Finding equation of parabola

Question

I have a group of points from a graph.

When I connect the points I get a shape which looks like the one's of the function f(x) = a / x .

How can i precisely find the equation of the shape ?

Answer 1

To find the polynomial interpolation of $n$ points $(x_0,y_0)$, $(x_1, y_1)$, ..., $(x_n,y_n)$ is $$p(x)=\frac{(x-x_1)(x-x_2)\cdots(x-x_n)}{(x_0-x_1)(x_0-x_2)\cdots(x_0-x_n)}\cdot y_0+\frac{(x-x_0)(x-x_2)\cdots(x-x_n)}{(x_1-x_0)(x_1-x_2)\cdots(x_1-x_n)}\cdot y_1+\ldots+\frac{(x-x_0)(x-x_1)\cdots(x-x_{n-1})}{(x_n-x_0)(x_n-x_1)\cdots(x_n-x_{n-1})}\cdot y_n$$

$$p(x)=\sum_{i=0}^{n}y_i\cdot\prod_{0\leq j\leq n,j\neq i}\frac{x-x_j}{x_i-x_j}$$

There is no unique function that passes through a set of points. Interpolation only gives an approximate function. Even this depends on the kind of interpolation you choose.
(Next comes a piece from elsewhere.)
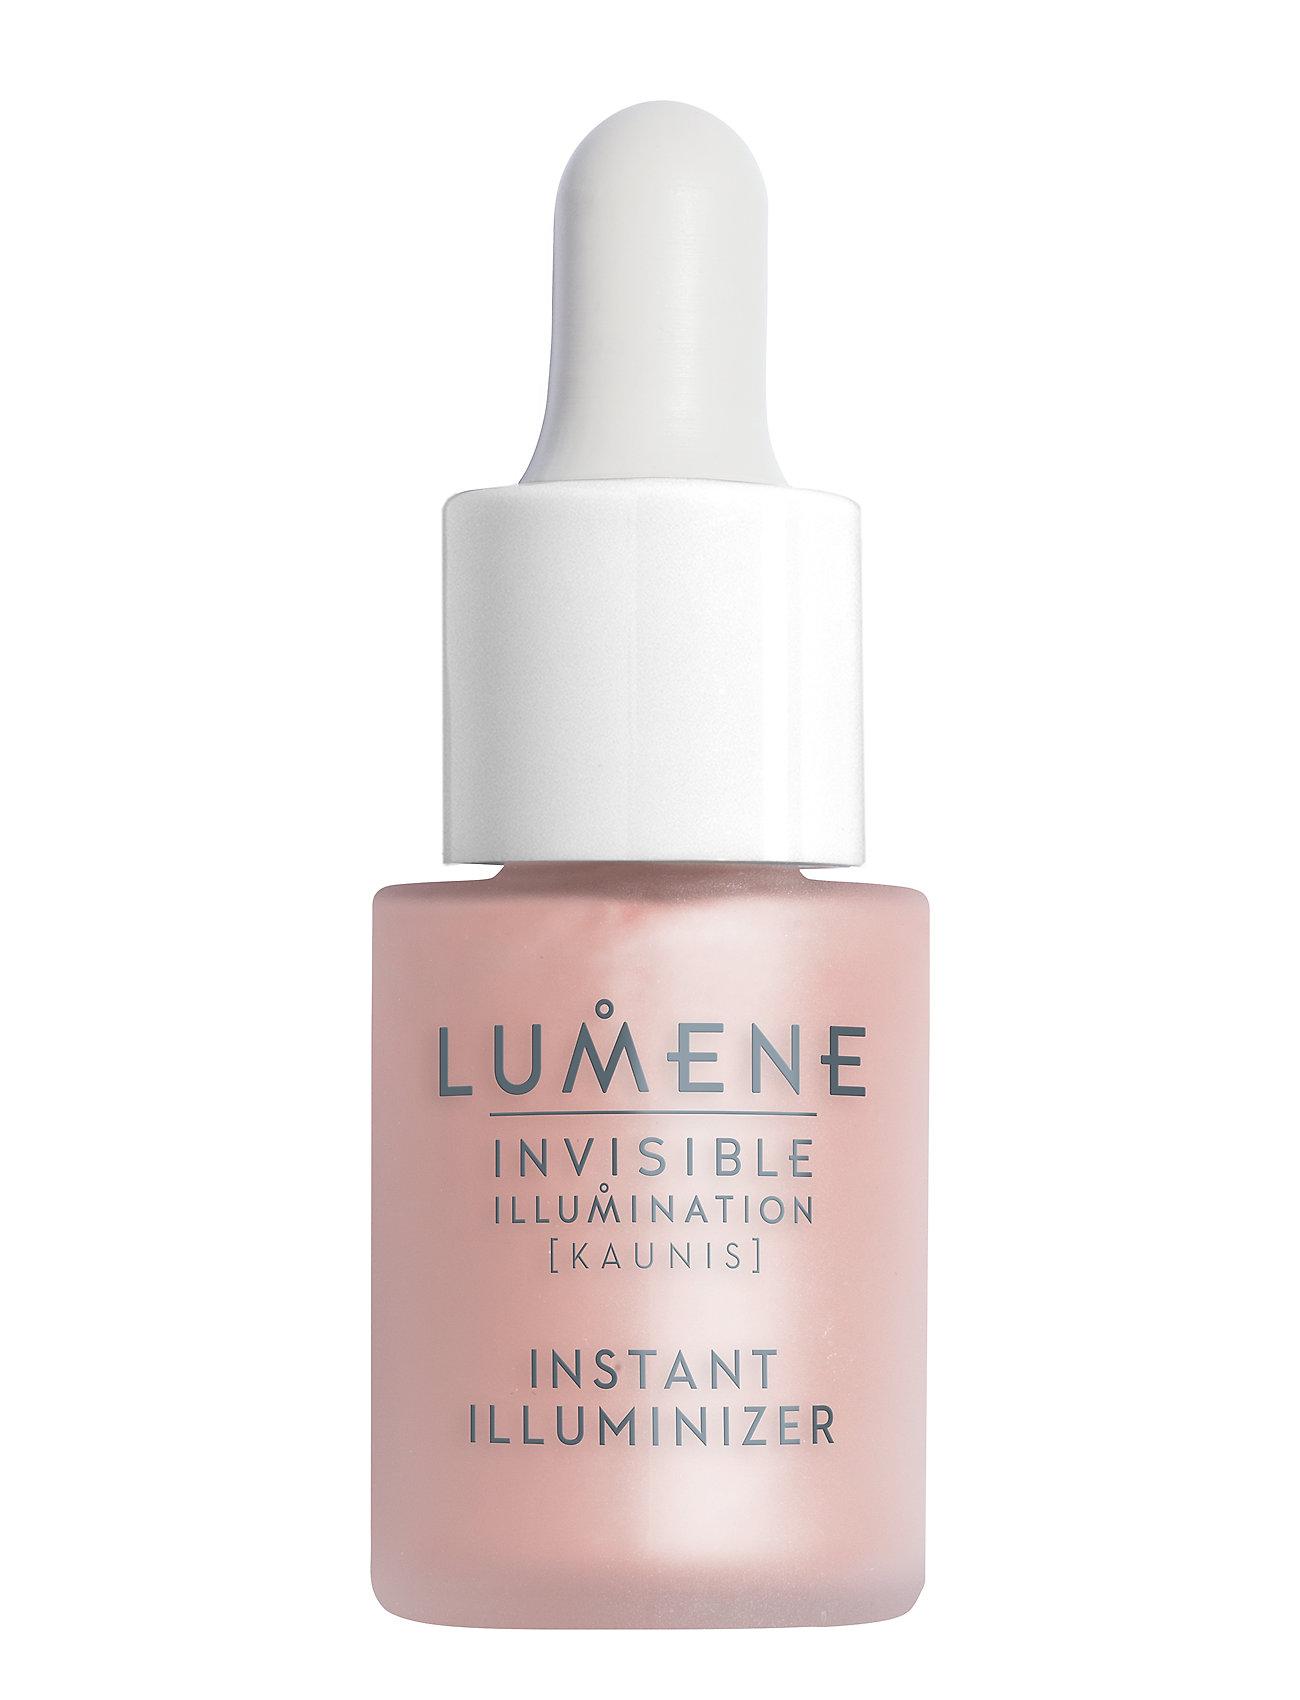 Image of Invisible Illumination Instant Illuminizer Highlighter Makeup LUMENE (3308420017)

If you don't know interpolation and you have this kind of problem, then I'm guessing you're not asking the right question.

Answer 2

You need three or more points to find the equation of a parabola: Simply substitute the (x,y) of the points into y=ax^2+bx+c and solve simultaneously This method will work for any type of graph, just edit the formula to look contain the correct number of "x-values"